## The task:
Starting at the line that contains "Foto eines jungen", transcribe each line exactly through the end of the data below, and skip any pictures.

## Stored dataset items:
- - -

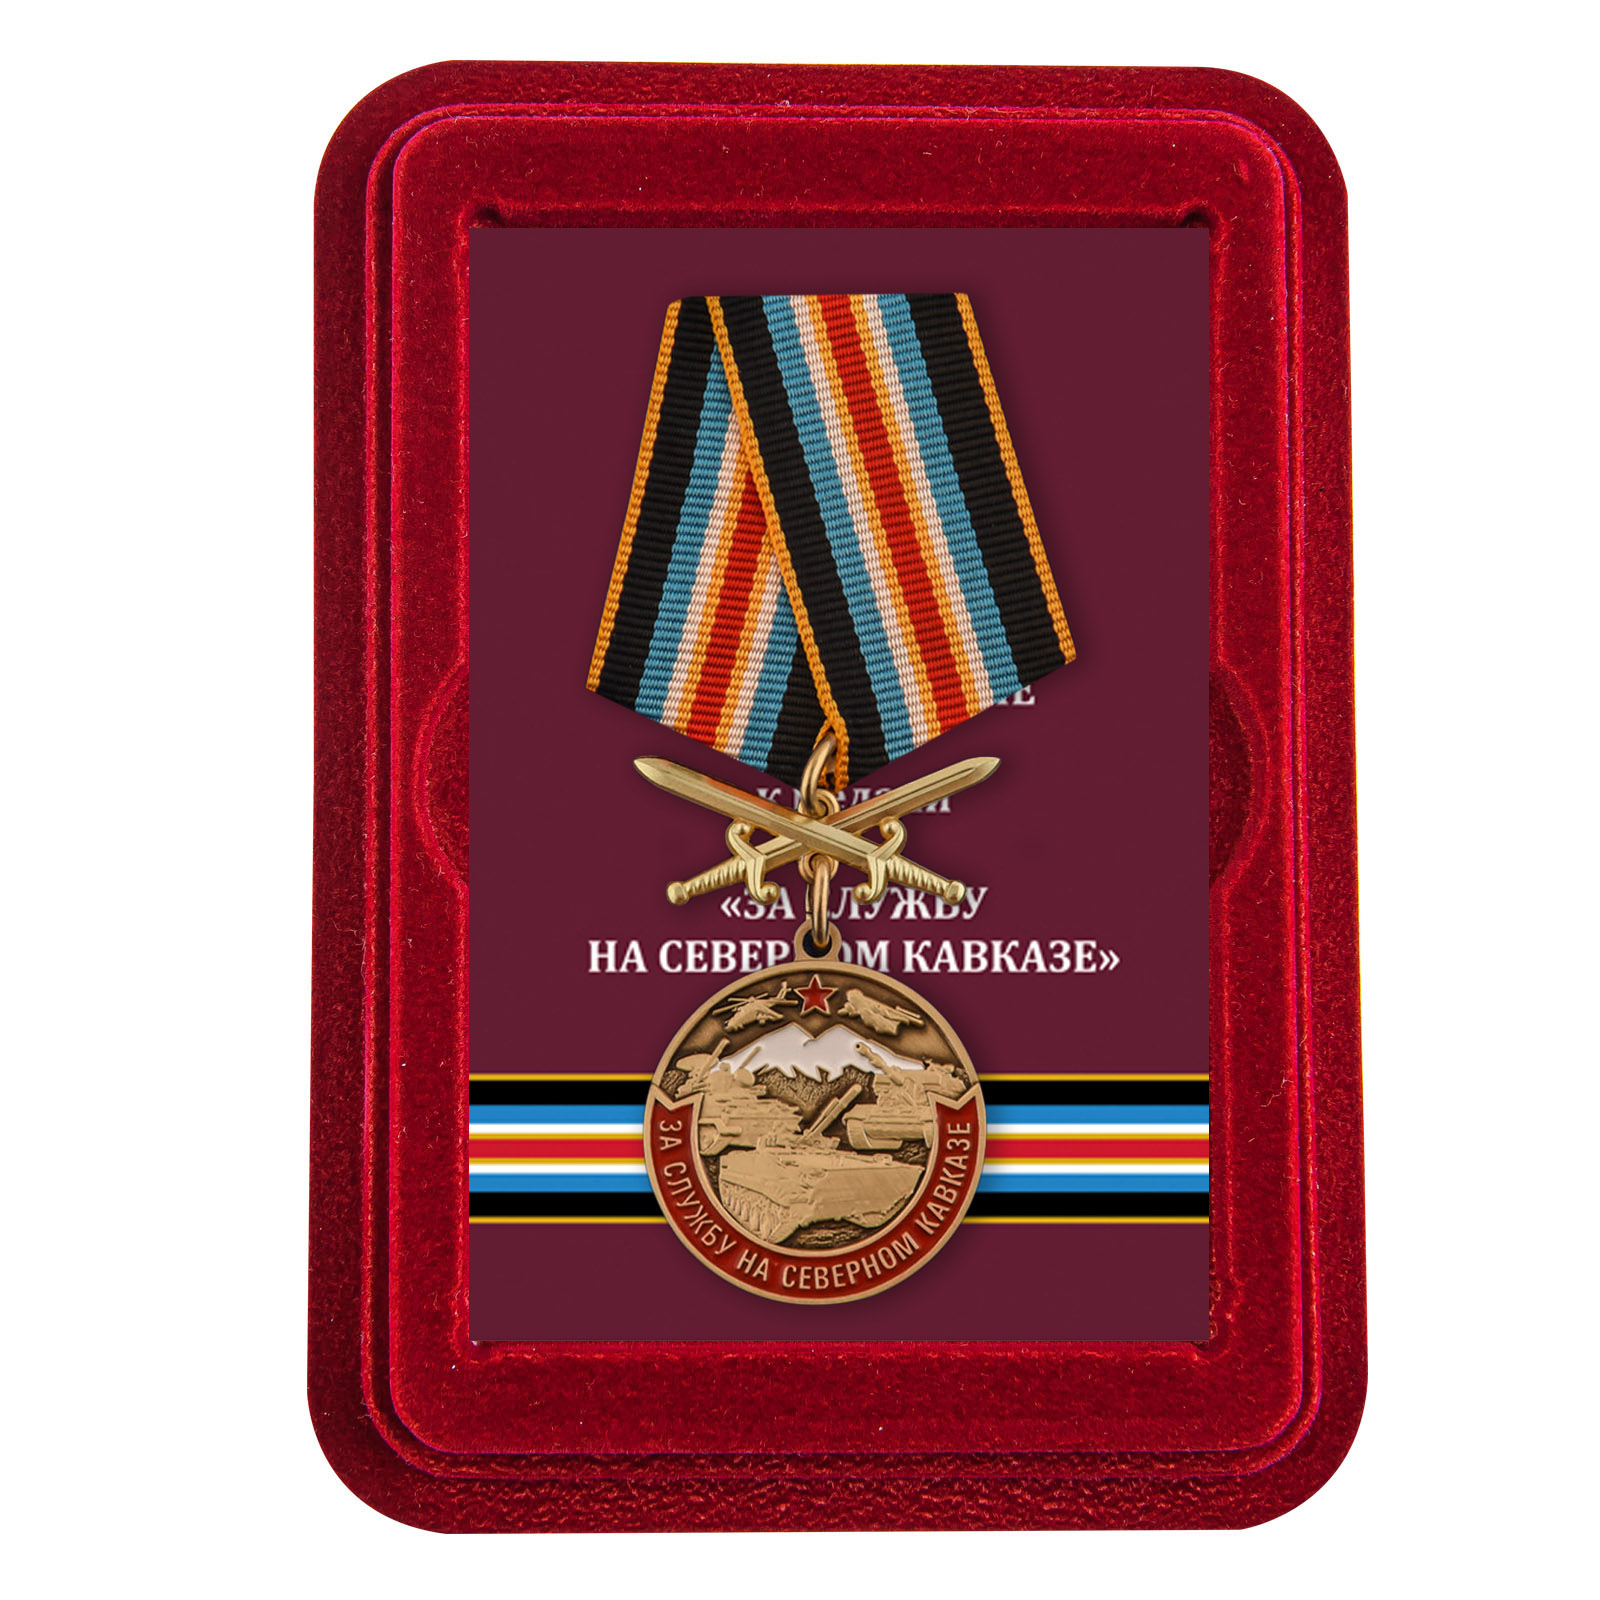 Купить медаль За службу на Северном Кавказе по лучшей цене
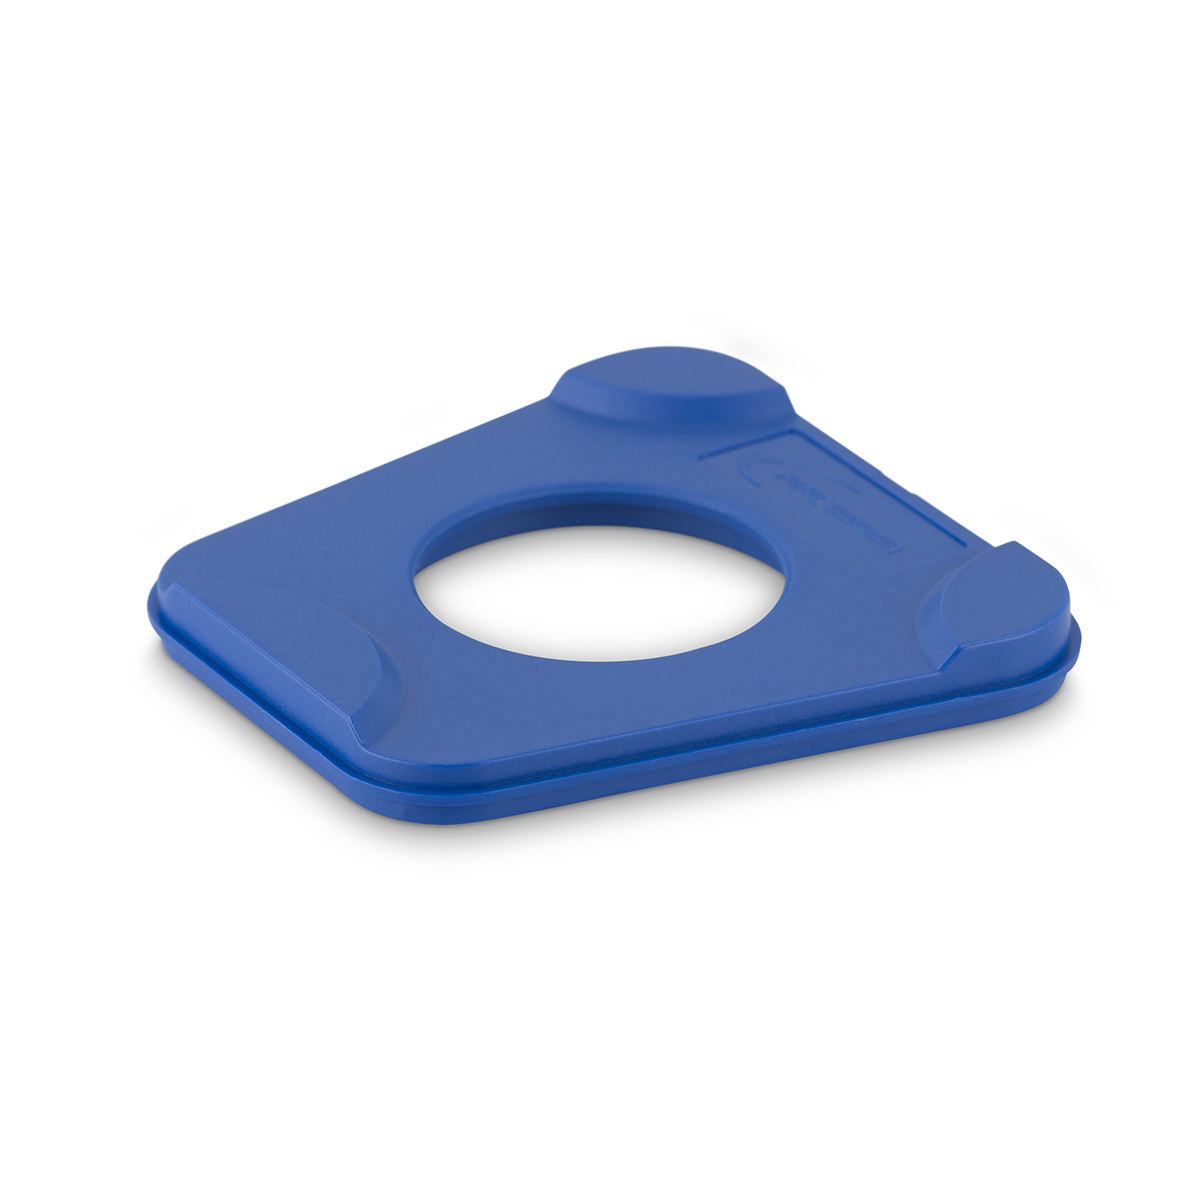  опорная Splitex Basic, цвет синий, упаковка 100шт: 14003 .
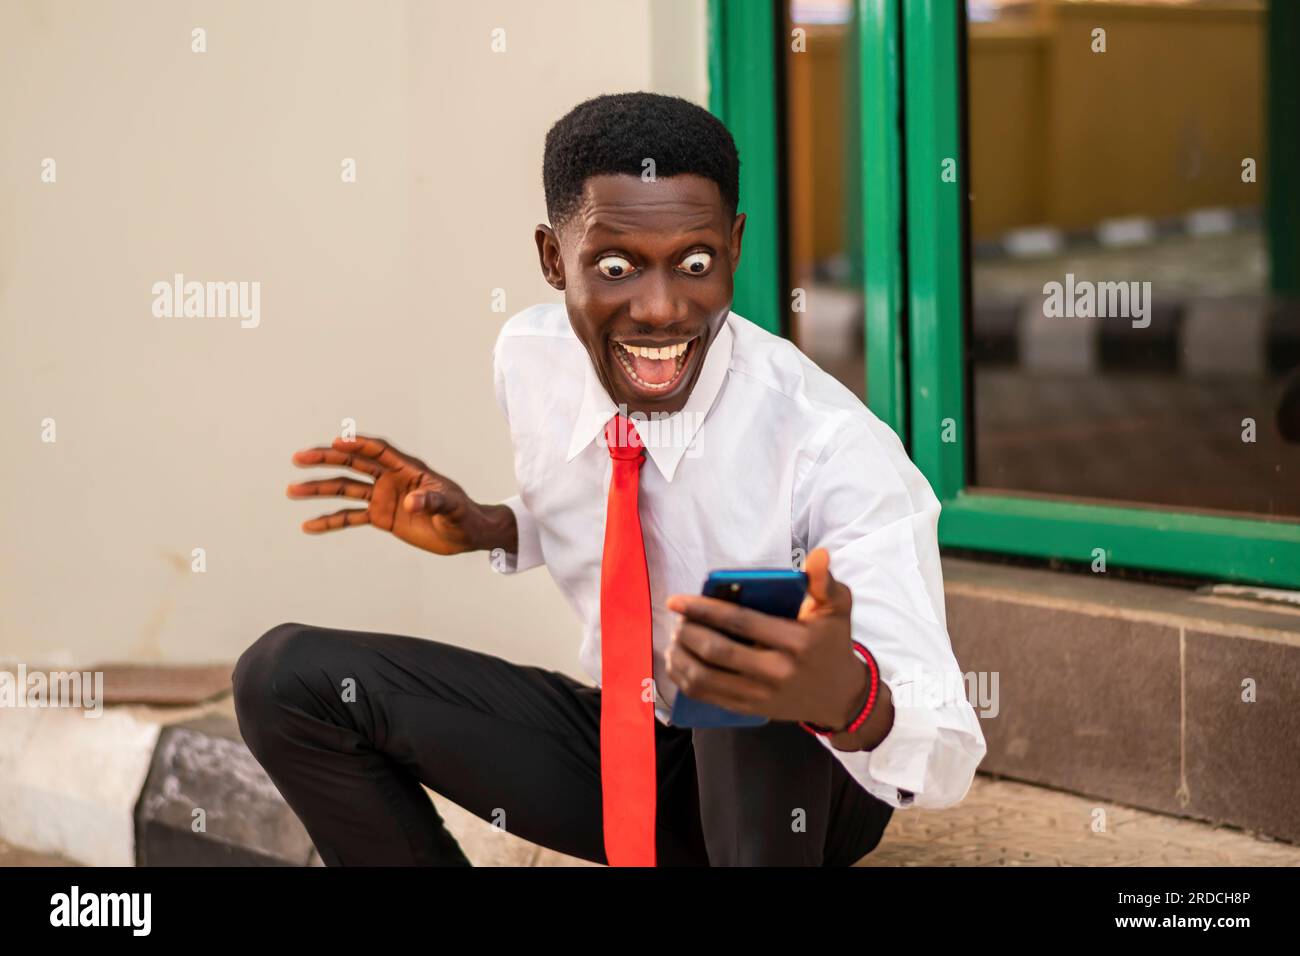 Foto eines jungen Afrikaners, der aufgeregt aussah, während er ein Handy in einem weißen Hemd und einer roten Krawatte hielt Stockfoto
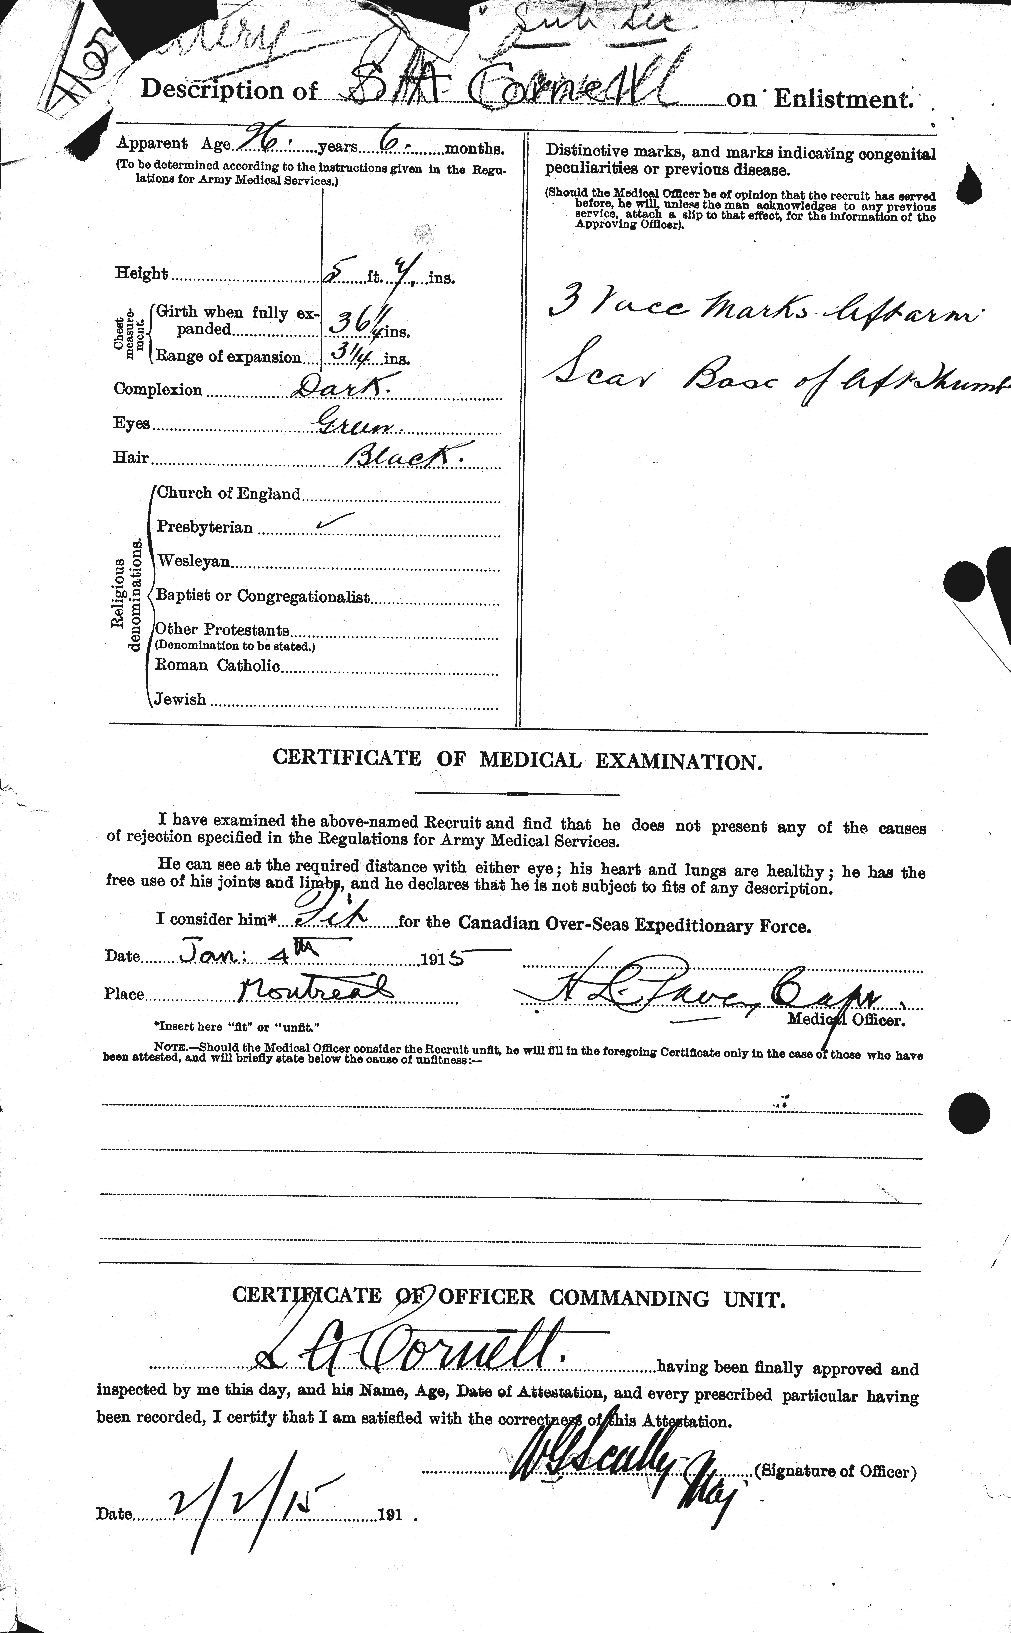 Dossiers du Personnel de la Première Guerre mondiale - CEC 056318b
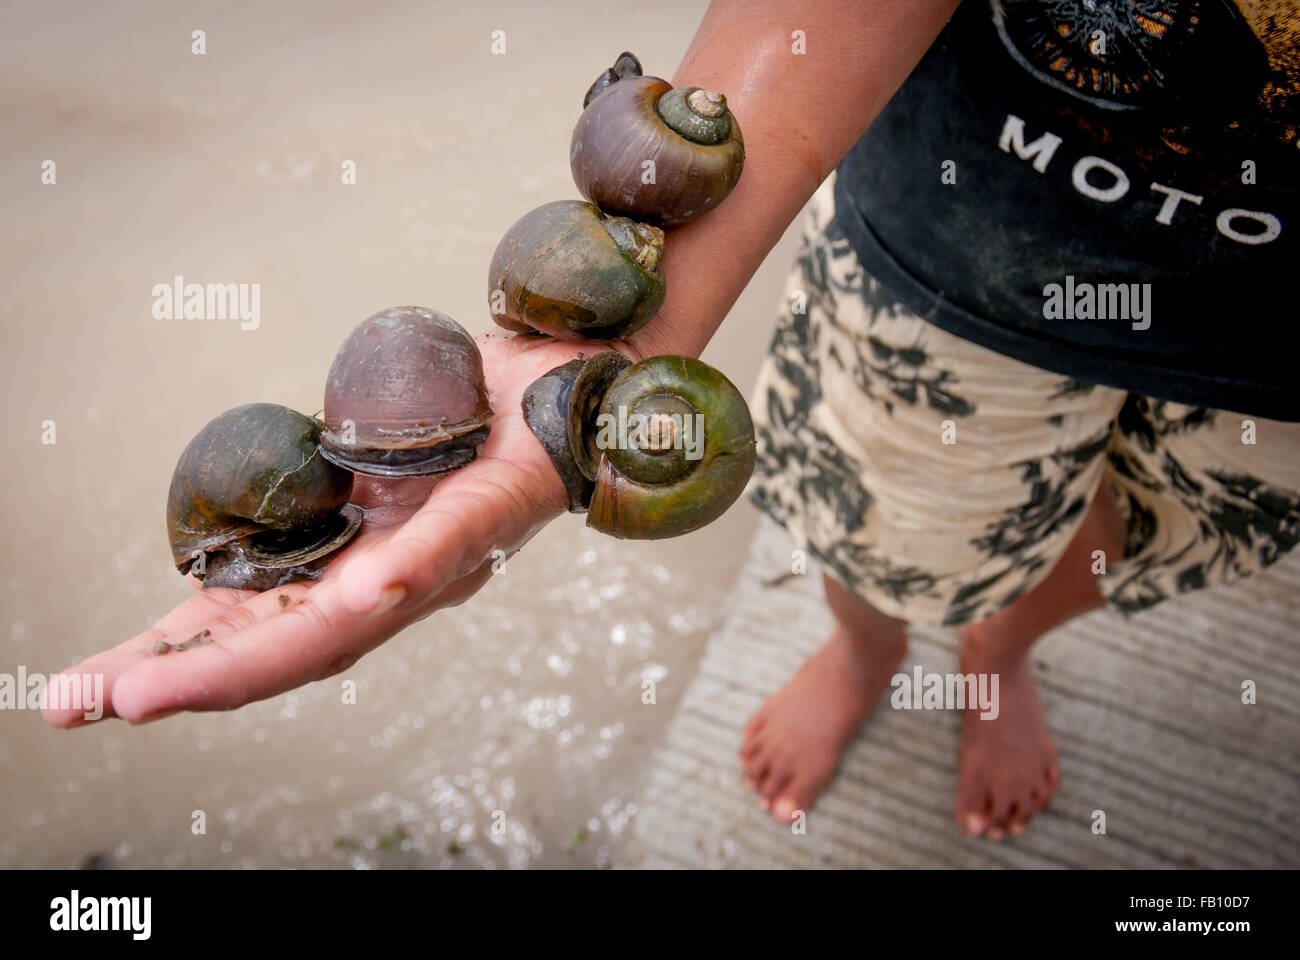 Un enfant montrant sa prise: Escargots d'eau douce. Banque D'Images

- - -

## Response to the exercise:
 Foto eines jungen Afrikaners, der aufgeregt aussah, während er ein Handy in einem weißen Hemd und einer roten Krawatte hielt Stockfoto
 Dossiers du Personnel de la Première Guerre mondiale - CEC 056318b
 Un enfant montrant sa prise: Escargots d'eau douce. Banque D'Images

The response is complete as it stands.